In Kit Reed's latest novel, Enclave, the world isn't ending, though former Marine officer Sargent Whitemore will try to convince you otherwise. As Sarge sees it, the world is diseased and society is the carrier, but he has a plan to change things: Clothos, an academy set in an old monastery isolated by cliffs on a Mediterranean island.
For extremely wealthy parents, Clothos presents a chance to push away their children, social princes and princesses who embarrass the family name. For Sarge, starting the academy is a grand social experiment, a way to break down hooligans and build them up into people who contribute to a healthy society. "They are mine to form and watch over and take care of," he tells us.
At first, Sarge seems successful at subduing 100 previously unruly children and teenagers. But "the clamor of a hundred restless souls trapped here on his mountain, struggling to be released" can only be ignored for so long. When two viruses, one a computer program and one a biological pathogen, enter the school, they quickly eat away at the structure Sarge has built. What seemed like an inviolable plan for order quickly disintegrates.
With Enclave, Reed manages to combine the claustrophobic horrors of Scott Smith's The Ruins with the psychology of Lord of the Flies and The Masque of the Red Death.

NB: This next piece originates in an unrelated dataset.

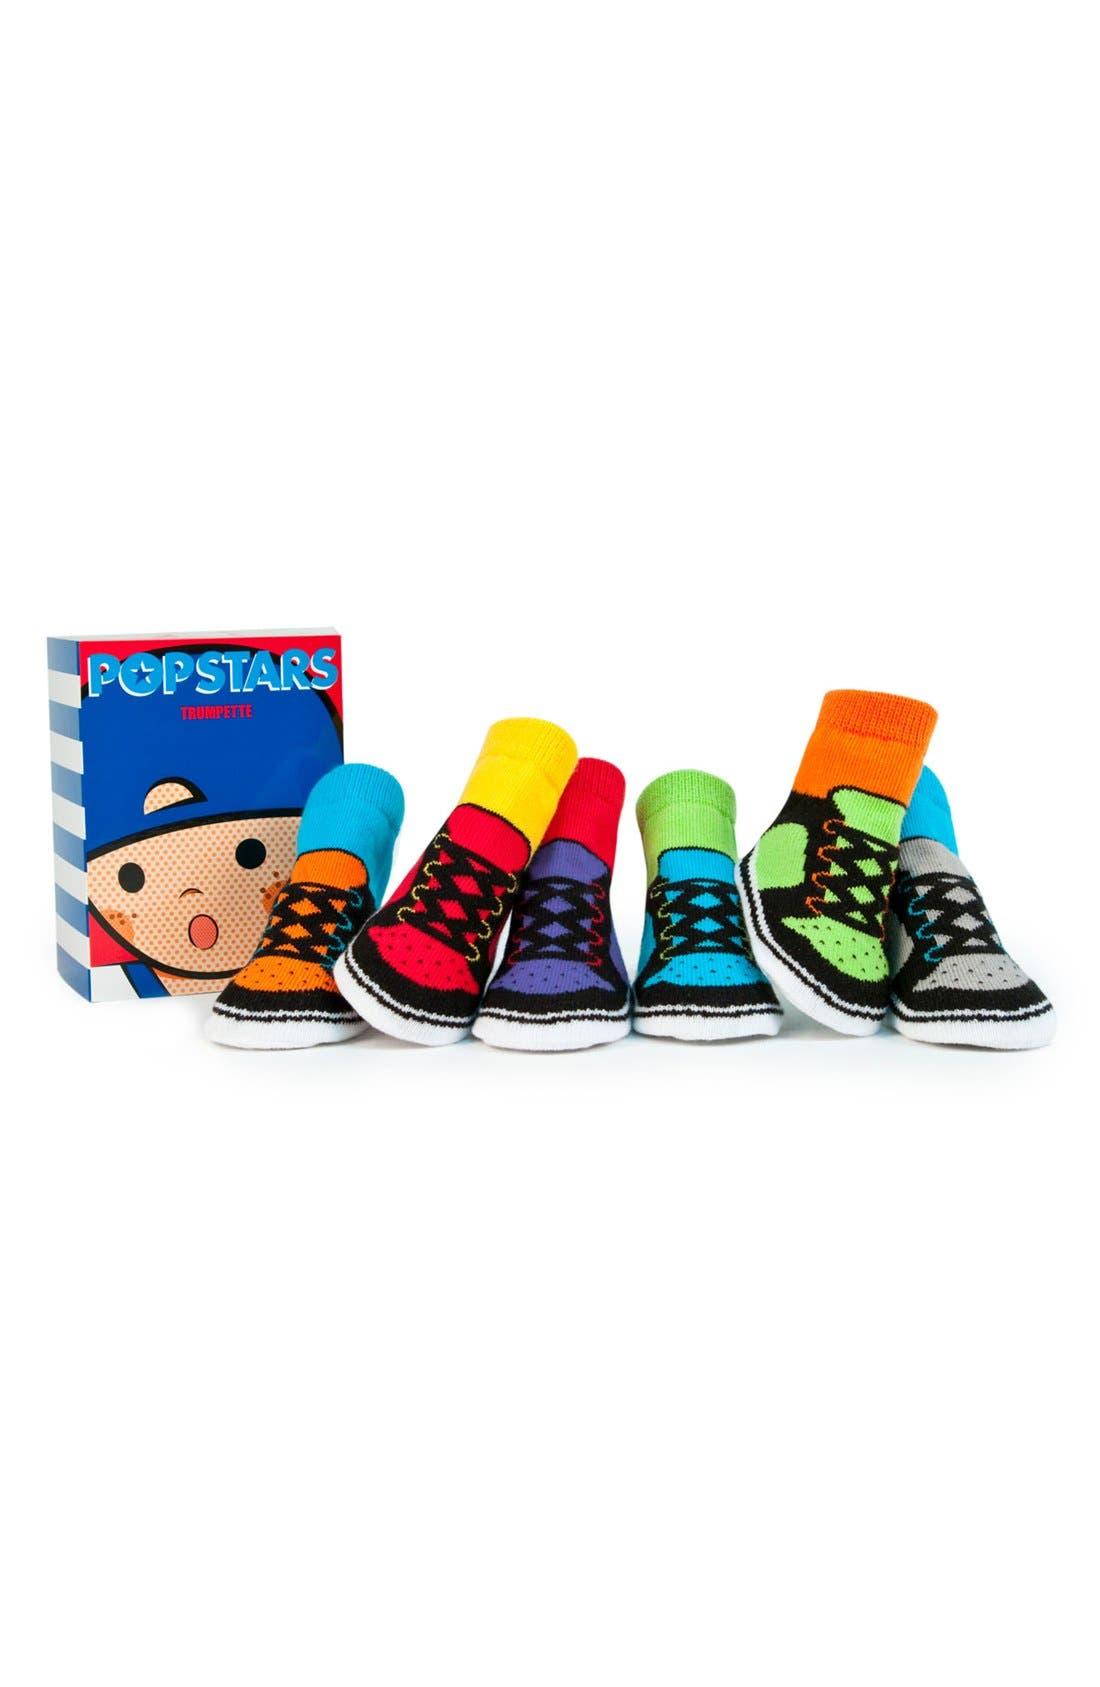 Main Image - Trumpette 'Pop Stars' Socks Gift Set (6-Pack)(Baby Boys)

For readers who think of science fiction as the tired product of paranoid pessimists, Enclave offers something fresh, doing what good speculative fiction has always done: exploring how we confront the world as we know it. Reed gives us more than just a story about forced conformity; she considers the implications of playing god, as well as the extent of parental love in showing just how willingly some parents push their problem children onto someone else. She also balances paranoia with hope. The people who control the information have the power, but Reed shows that even they can't know everything.
Vikas Turakhia is a high school English teacher in Ohio.